Author: Aimon Singh
Abstract
The unprecedented Covid -19 pandemic has resulted in human suffrage and a slump in the economy. The pharmaceutical sector was one such, where the whole world was dependent. India has continuously embarked on supplying pharmaceutical products at minimum rates. In a developing nation with over $42 billion, stakes are constructed by Indian pharmaceutical companies. The estimated ambition of the sector is to surge its valuation to $120 billion by 2030. This won’t be possible without reducing import dependence leading to cost cuts and self-dependence. The other obstruction is the IPR rights (i.e., Intellectual property rights) and the conundrum of medicinal companies. IP rights are those rights that stand for intellectual property, as said. Suppose a specific person is the creator of any drug. In that case, he shall be given the ‘Patent’ for it under the Patent Act,1970 certainly means no other companies can manufacture the same product unless they bought the rights from the person. Majorly MNCs (Multinational companies) seek these rights and profess the business globally. To gain the reputation of ‘India pharmacy as global market leader’. These twofold difficulties shall be resolved. The drug-related manufacturing is often regulated by TRIPS agreements globally. The change to the 1995 TRIPS agreement has shrunk affordable supply chain management in the pharmaceutical sector. The background is also the challenges faced by these companies and the Indian government to provide opportunities and ensure access to the drug (life-saving medicine).
Introduction: Pharmaceutical sector and Indian Laws
The drug and the medicinal sector have phases to be passed and established itself in the market. Starting with the science (or creation of medicine) to Patent processing (under the Patent Act)1, and after that, patent granting and global manufacturing business. India has embarked as a leader in the sector by exposing medicine and covid doses to African countries. India has exported roughly 210 million quantities2 to around 90 countries. The export of medicine on one side and the import of material for those manufacturing, on the contrary, is one such stoppage for the Indian pharmacy sector growth. Instead, India has a good reputation and is already the third largest manufacturer in the world, with China on top.

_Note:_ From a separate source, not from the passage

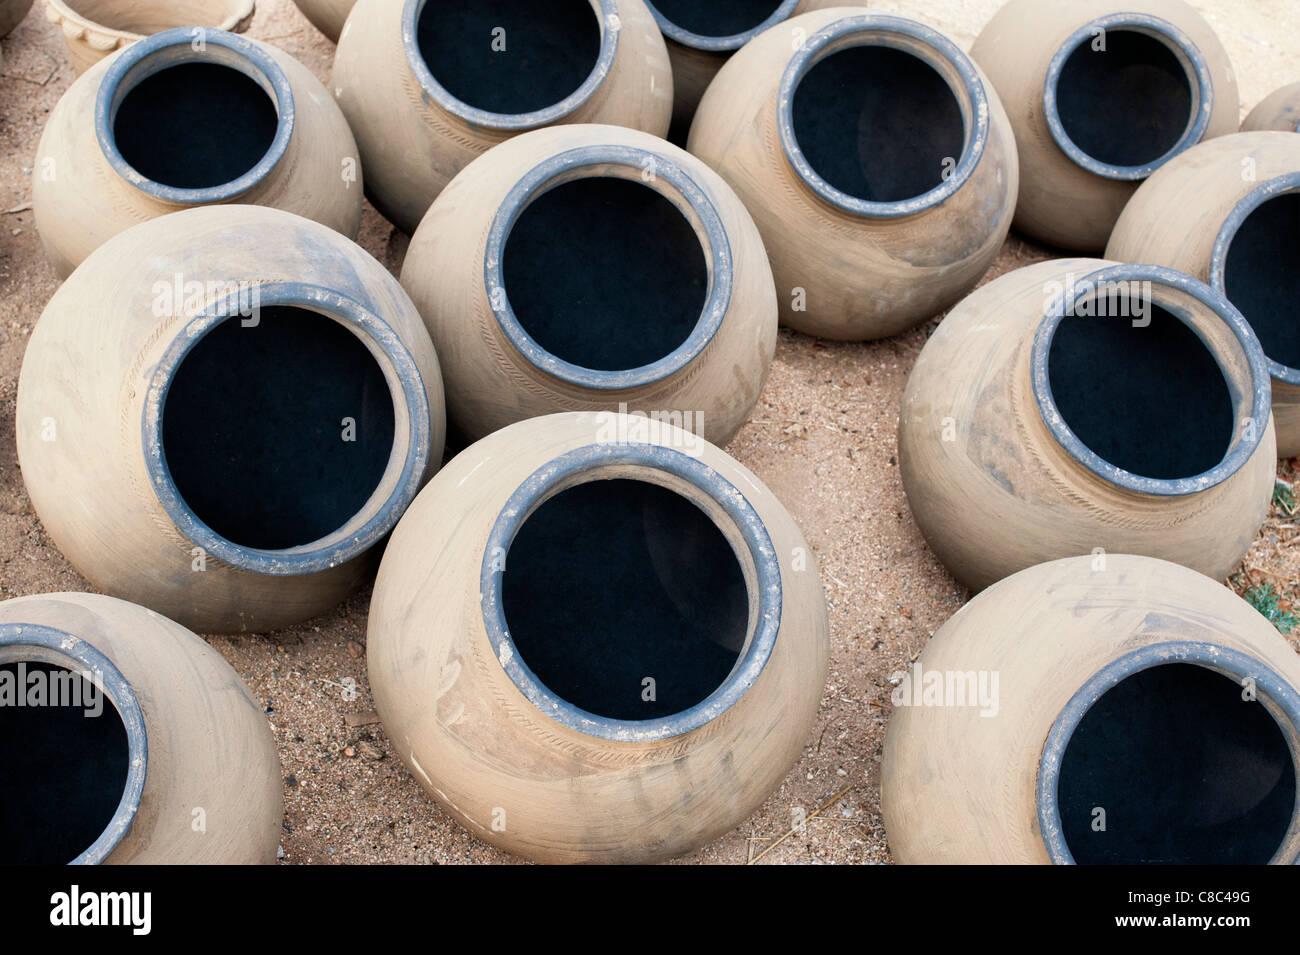 Fatto a mano indian vasi d'acqua essiccazione al sole prima della cottura. Andhra Pradesh, India Immagini Stock

India is known as a world exporter for manufacturing medicine. Companies like Cipla, Ranbaxy, Aurobindo are ardent in the medicinal manufacturing sectors. The world leader in manufacturing of generic medicine has been escalated by the use of the regulatory sandbox of Medical sciences, economic perspective and patent laws. The trivia has bulwarked the interest of pharma sectors in India. The Indian Patent Act 19703 was an important phase, where it transformed the generic medicine manufacturing for India. Prior to this the colonial rule stunted the development and forced to produce and export the medicine at an unaffordable rate. The 1911 patent Act only allowed licensing for 16, years and ceased the manufacturing of pharmaceutical products that were developed abroad. The 1992 LPG (Liberalisation, Privatisation and Globalisation,) of the economy finally ensured the Pharma companies to compete in world market and the 2005 Patent Act was final nail in the old Slave making pharma laws by the colonial government.

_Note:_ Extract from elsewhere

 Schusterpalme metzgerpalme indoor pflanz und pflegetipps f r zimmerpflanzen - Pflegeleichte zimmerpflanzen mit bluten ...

Indian Pharma Dominance and the ardent manufacturing hub
The role of Indian companies in treating diseases like HIV-AIDS and a few others at an affordable price has also paved the way for a better future in the pharma sector. Companies like Cipla have ensured their top spot worldwide in the industry and are involved in much such research for life-saving medicines. The Patent (Amendment) Act 2005 has also provided a safeguard mechanism for generic drug production and companies. The evergreening of patents under section 3(d)4 of the Patent Act, 2005 has also boosted positive imperatives in the scientist’s mind. But, the Novartis incident (where MNC) bought the rights has also shown the power of corporates can overshadow the scientific creation in the pharma sector.
The pavement for a better future for the Indian pharmacy sector is to reduce its dependence on material costs for creating a new generic drug. India imports only one percent material from China. Still, the manufacturing cost for Indian pharmacy sectors and companies is a long time and a significant problem that is an obstacle in the way of becoming the leading generator and manufacturer of life-saving drugs. This dependence on the material cost of the import process is heavily costly and disrupts the Indian farmer supply chai5n.

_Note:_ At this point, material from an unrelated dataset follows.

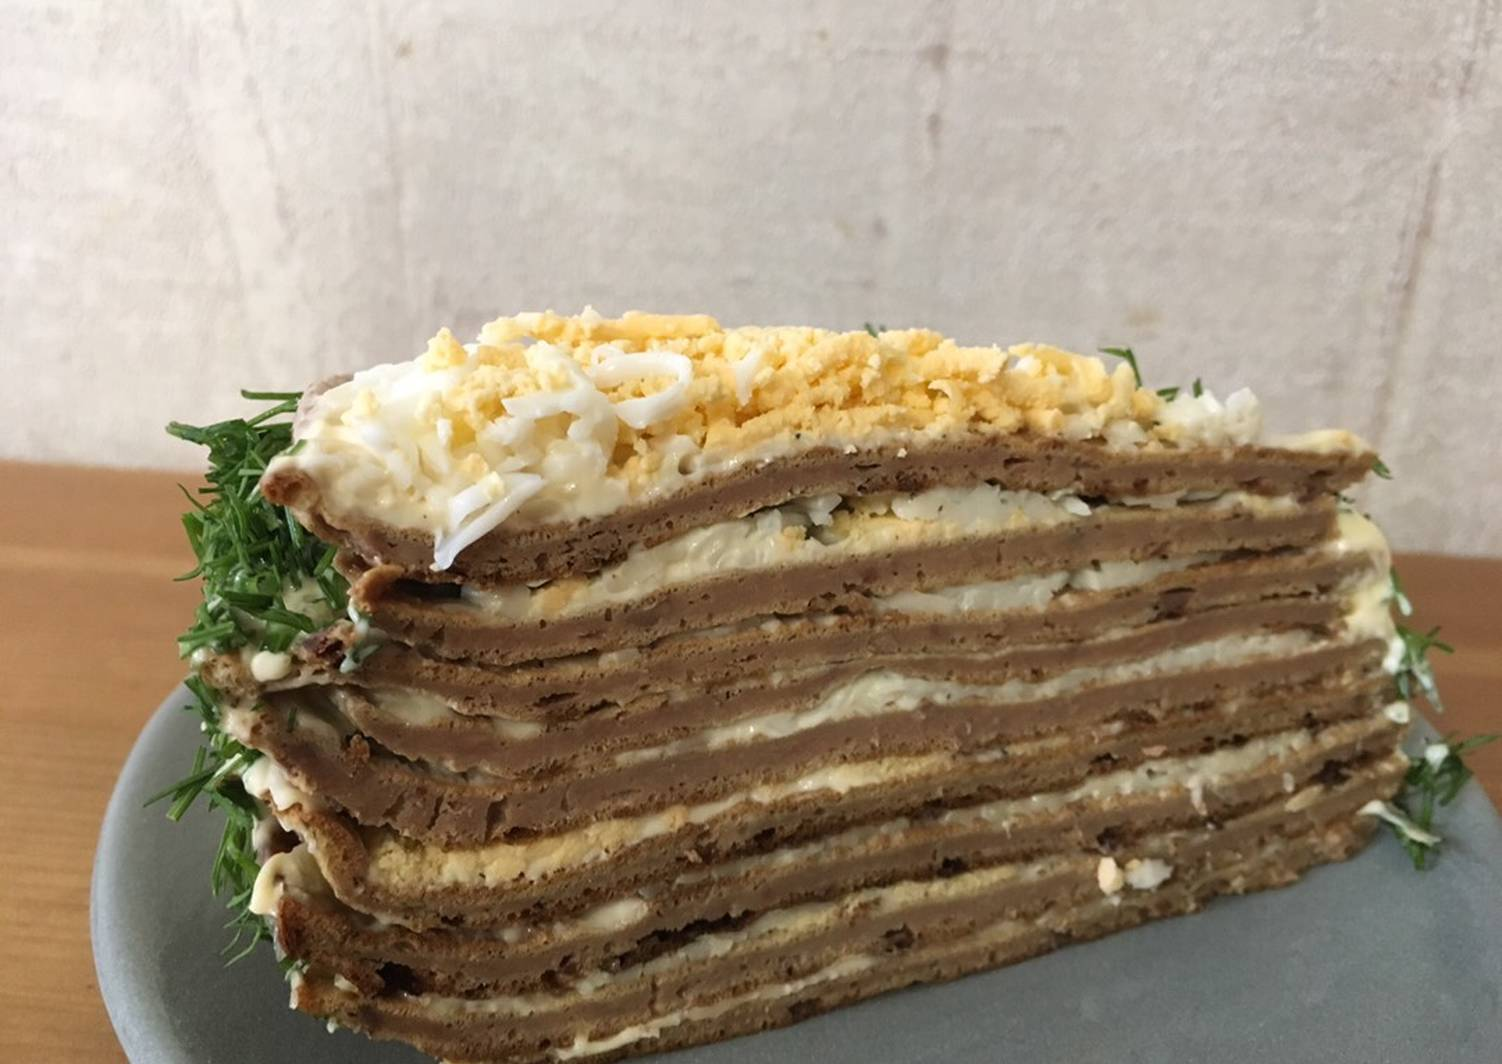 селе пирог из печени слоями рецепт с фото вот, помощью этой

The case study of Indian generic drug matters has a few significant achievements outlined for the Pharma sector. In the developing world, the early 1980 witnessed the spread of HIV and AIDS patients treated with antiretroviral (ARV) that can reduce the spread of the virus in the body. This invention results in the decline of death because of HIV AIDS. This success story of Indian pharmaceutical company Cipla finds the role of an Indian generic drug manufacturing company in providing affordable treatment for antiretroviral diseases. Instead, this Cipla could not get a license for the same because the Indian Patent Act was not in conformity with the TRIPS agreement until 20056. The 2005 Indian Patent Act provides affordable medicinal treatment and safeguards for granting the patent. The provision for compulsory licensing was also included in the Act, which made it possible to manufacture the drug for the public interest and better good. It is still a legal battle between the generic producer and the compulsory license in the process7, which does not conform with Intellectual property rights.
Doctrine of Compulsory Licensing and Lifesaving Medicine (LSG)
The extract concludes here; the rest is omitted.